The sound of carriage wheels reached them through the open window, and Cinnamon’s ears swiveled toward the door.

“They’re here!” Lydia’s voice carried from the front hall. “Lizzy is enormous! Mr. Darcy is helping her down from the carriage, and she is swatting his hand away!”

Thomas threw her a wink, knowing the special place Elizabeth had in her heart, and that Lydia would race to the entrance and win, throwing her arms around her sister before Georgiana could so much as put on her gloves. She set down her tea, delicately lest the thin cup should crack.

She should go to the entrance hall and greet them properly.

She should have a speech prepared, a careful introduction, and the right framing for a moment she had been rehearsing for weeks.

But she hesitated, not because Thomas was not worthy or that she did not value him—only that she needed her brother to see him the way she did.

So she waited, picking cat hair from her skirt.

Thomas did not perform. He was in his natural element, bantering with Mama Bennet, winking at her, and teasing her sisters while up to his elbows in pastry and dough.

He was creating a Bakewell pudding, and he would be caught in the act of being himself—the man she loved.

Elizabeth appeared first in the kitchen doorway. Her rounded belly had grown in the three months since Georgiana had last been to Pemberley.

“Mama,” Elizabeth said, kissing Mrs. Bennet’s cheek. “The biscuits smell extraordinary.”

“They are extraordinary, as are all Clark family creations.” Mrs. Bennet adjusted her apron. “Bring your husband in. The tea is getting cold.”

Elizabeth glanced at Georgiana, and the glance said: Ready?

Georgiana’s nod was braver than she felt.

“Darling,” Elizabeth called over her shoulder, light, casual, and miraculous, because eight months ago the notion that Elizabeth Bennet would call Fitzwilliam Darcy darling in a kitchen doorway would have struck Georgiana as likely as Cinnamon learning to fetch.

“Come and see the biscuits, the baker, and the cat.”

Fitzwilliam Darcy walked into the Netherfield kitchen.

He had to duck slightly under the doorframe because Netherfield’s kitchen had been built for servants and not for the master of Pemberley, which made him less formidable and more approachable.

He greeted Mama Bennet first, then Jane, and only after the formal niceties did he turn to Georgiana with a smile reserved for her. “Sister, you look well. Hertfordshire agrees with you.”

“Very much, Brother.” She took his arm. “There is someone I’d like you to meet.”

She saw the confusion as Darcy looked at Mrs.

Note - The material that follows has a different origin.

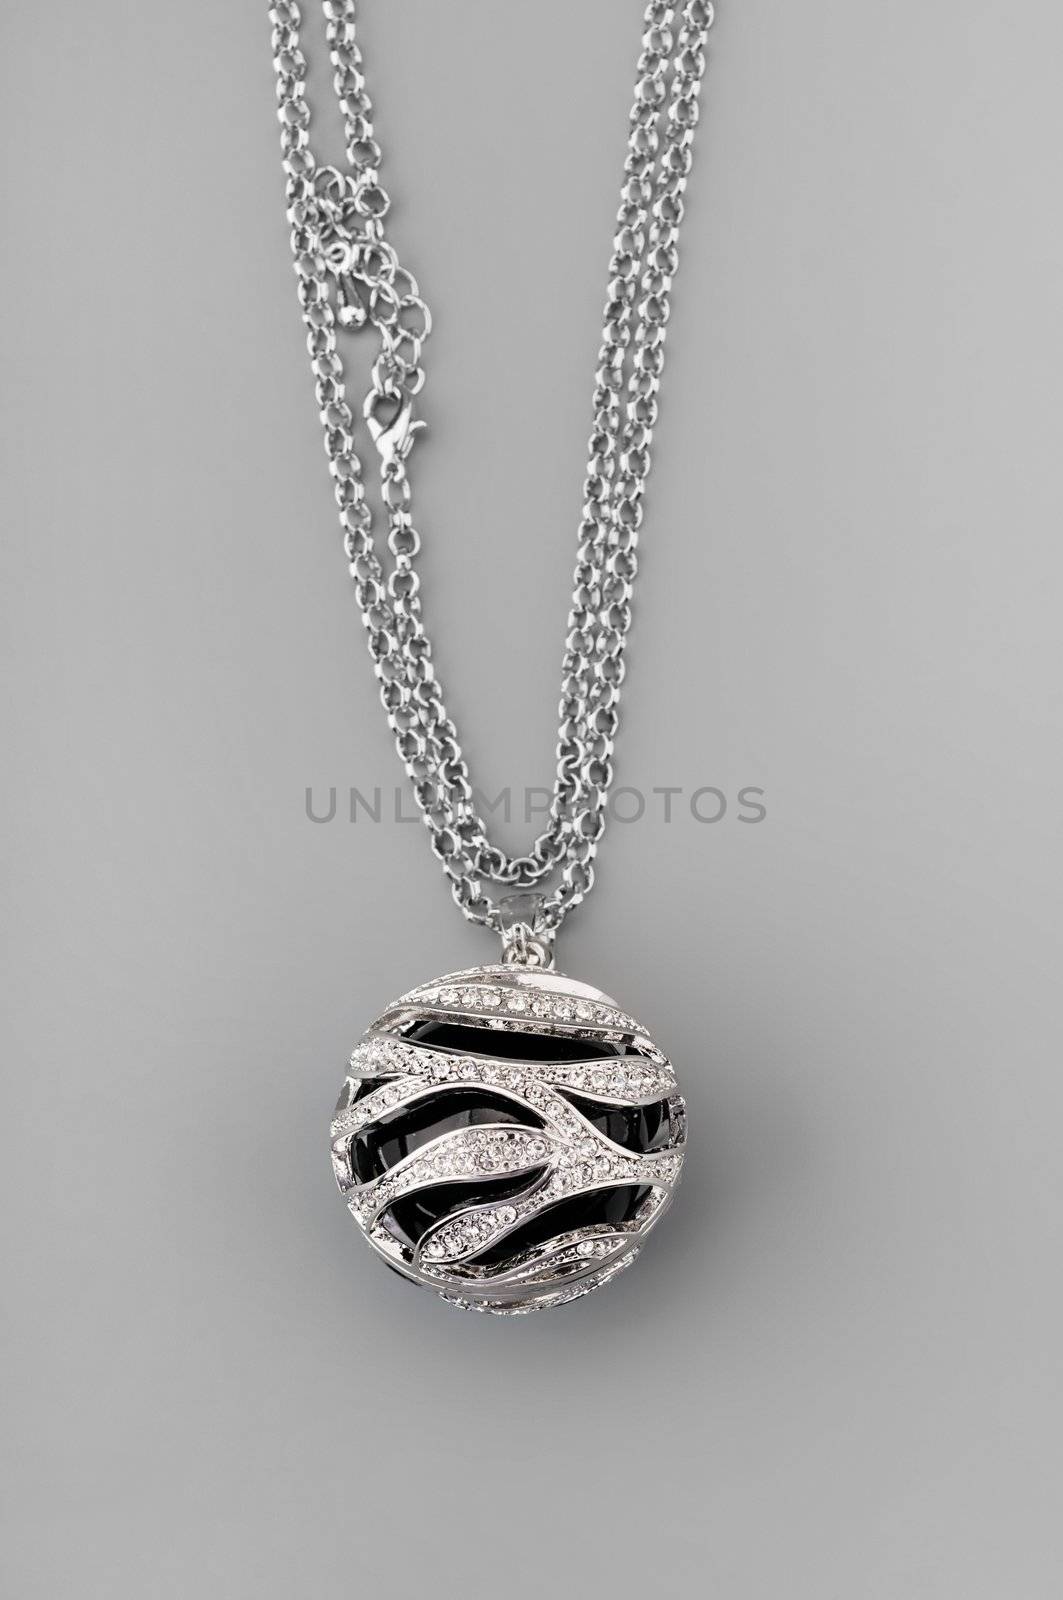 Silver pendant by nikitabuida

Jolliffe first, and then the kitchen maids, Cinnamon, and then Jane, until his gaze traveled down the work table and stopped at the new baker.

Thomas stood still, lifting his dough-caked hands and unable to run them through his hair, which was a habit when he was discomfited.

To his credit, he met Darcy’s gaze firmly, his brown, steady eyes carrying no agenda beyond hard, honest work and a love for a woman who might have overestimated her brother’s capacity for change.

“Fitzwilliam,” Georgiana said, stepping forward, “this is Mr. Thomas Clark. He is the head baker at Carlton House for the Prince Regent.” Her voice was steady because this was her choice and the bravest thing she’d done since the stream crossing. “He is the man I wish to marry.”